According to a preferred embodiment, the gimbaled sensor payload 120 includes an EO/IR sensor 245, laser 130, a plug-play USB payload adapter 250, and a signal-guidance assembly 255, which, in an embodiment, includes one or more reflective mirrors. The USB payload adapter 250 receives an output from the EO/IR sensor 245 and provides a sensor data output to the correction subsystem 205. The USB payload adapter 250 also provides signaling (e.g., commands) to the laser 130, EO/IR sensor 245 and/or signal-guidance assembly 255.
In an embodiment, the gimbal controller 215 provides one or more of the following functions: micro-gimbal power supply, micro-gimbal mechanical control, positioning commands for payload 120 and steering commands for signal-guidance assembly 255.
In general, the onboard feature-extraction and processing system 200 provides functionality to support the following: an inertial mechanically gimballized/stabilized sensor payload, digital image feature stabilization, target feature extraction and selection, image feature-based coordinate correction, and optical feature to laser point error closed-loop correction.

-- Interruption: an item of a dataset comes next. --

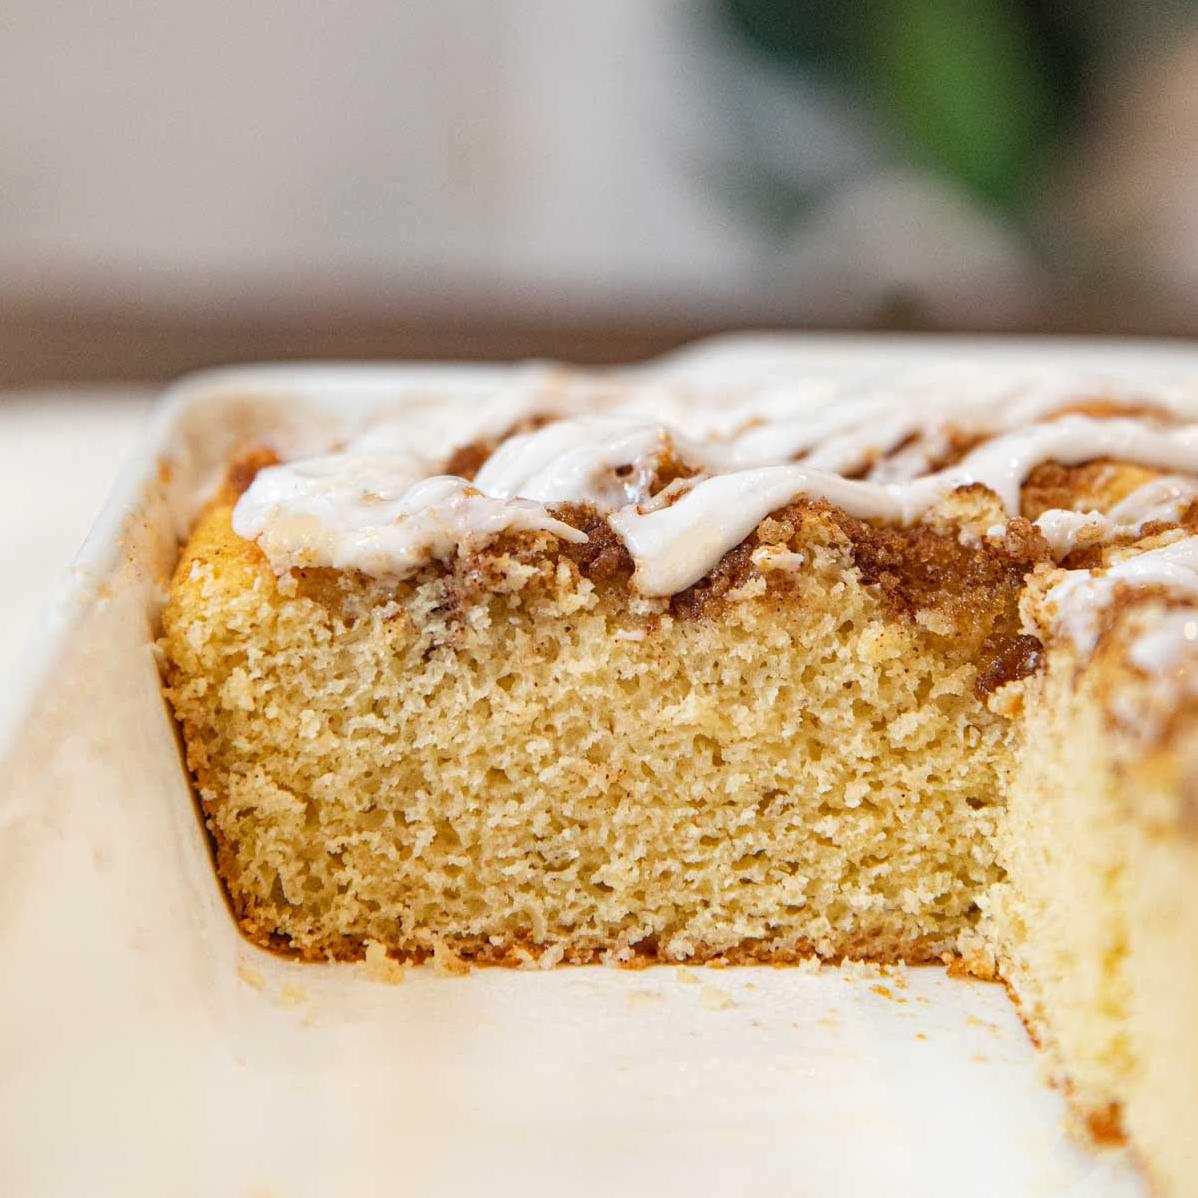  Who says you can't have your cake and eat it too? Try this low-fat coffee cake!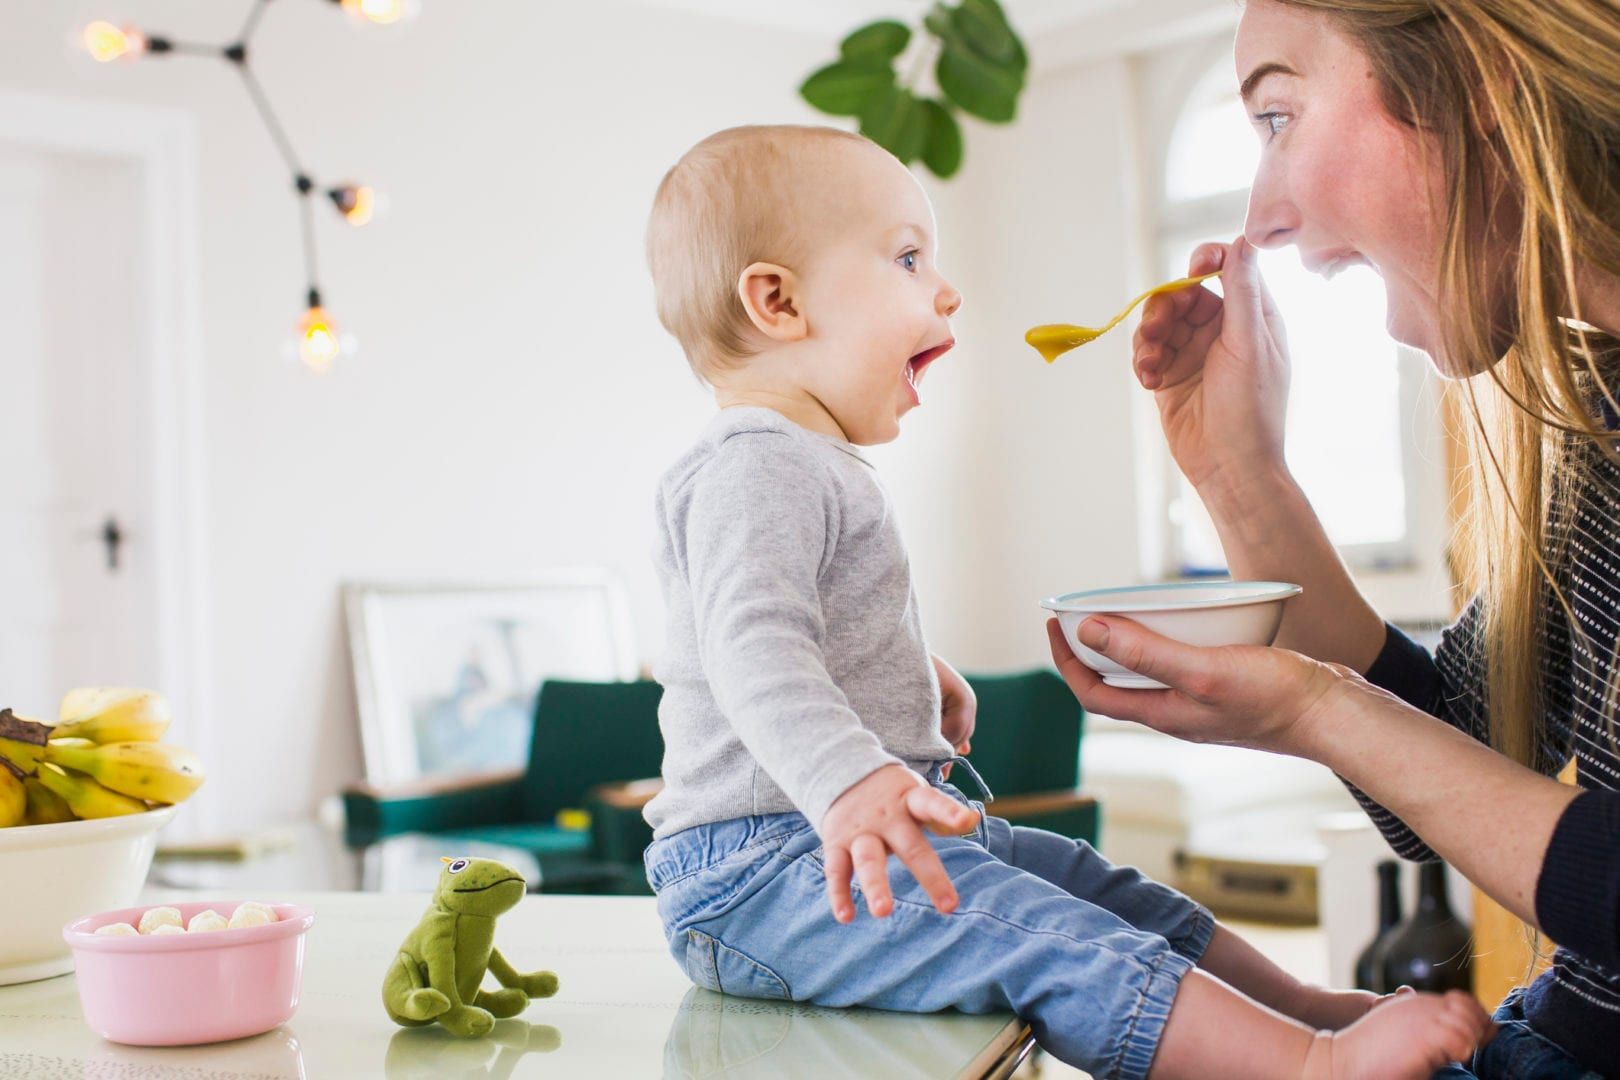 The tips you need to heat, store and prepare baby food safely

In an embodiment, the object-of-interest illumination module 235 receives sensor data from sensor 245 and object-of-interest selection from transceiver 35 as inputs and generates and/or enables generation of beam-steering commands as an output to the signal-guidance assembly 255. The object-of-interest illumination module 235 (or other component of system 200) employs a feature-based processing algorithm configured to distinguish from among discrete features (e.g., corners of buildings, windows, trees, etc.) to allow association of distinguished features with the selected object of interest and laser-illumination position. The object of interest defined by the user using the OCU 40 is correlated to the sensor data and the image position is extracted. The laser-illumination position (i.e., the spatial coordinates of the portion of FOV 201 illuminated by the laser 130) is extracted or otherwise determined, and a position error signal is generated between the object-of-interest position and the laser-illumination position. The direction of the error may be computed relative to the orientation of the laser illumination. Beam-steering commands are then generated based on the determined error, and subsequently issued to the signal-guidance assembly 255, so as to bring the laser spot to bear on the selected object of interest.
While a preferred embodiment of the invention has been illustrated and described, as noted above, many changes can be made without departing from the spirit and scope of the invention. For example, while illustrated embodiments have been described as including or implemented in a UAV, embodiments may include or be implemented in an unmanned ground vehicle, a manned craft or vehicle, or stationary platform. Accordingly, the scope of the invention is not limited by the disclosure of the preferred embodiment. Instead, the invention should be determined entirely by reference to the claims that follow.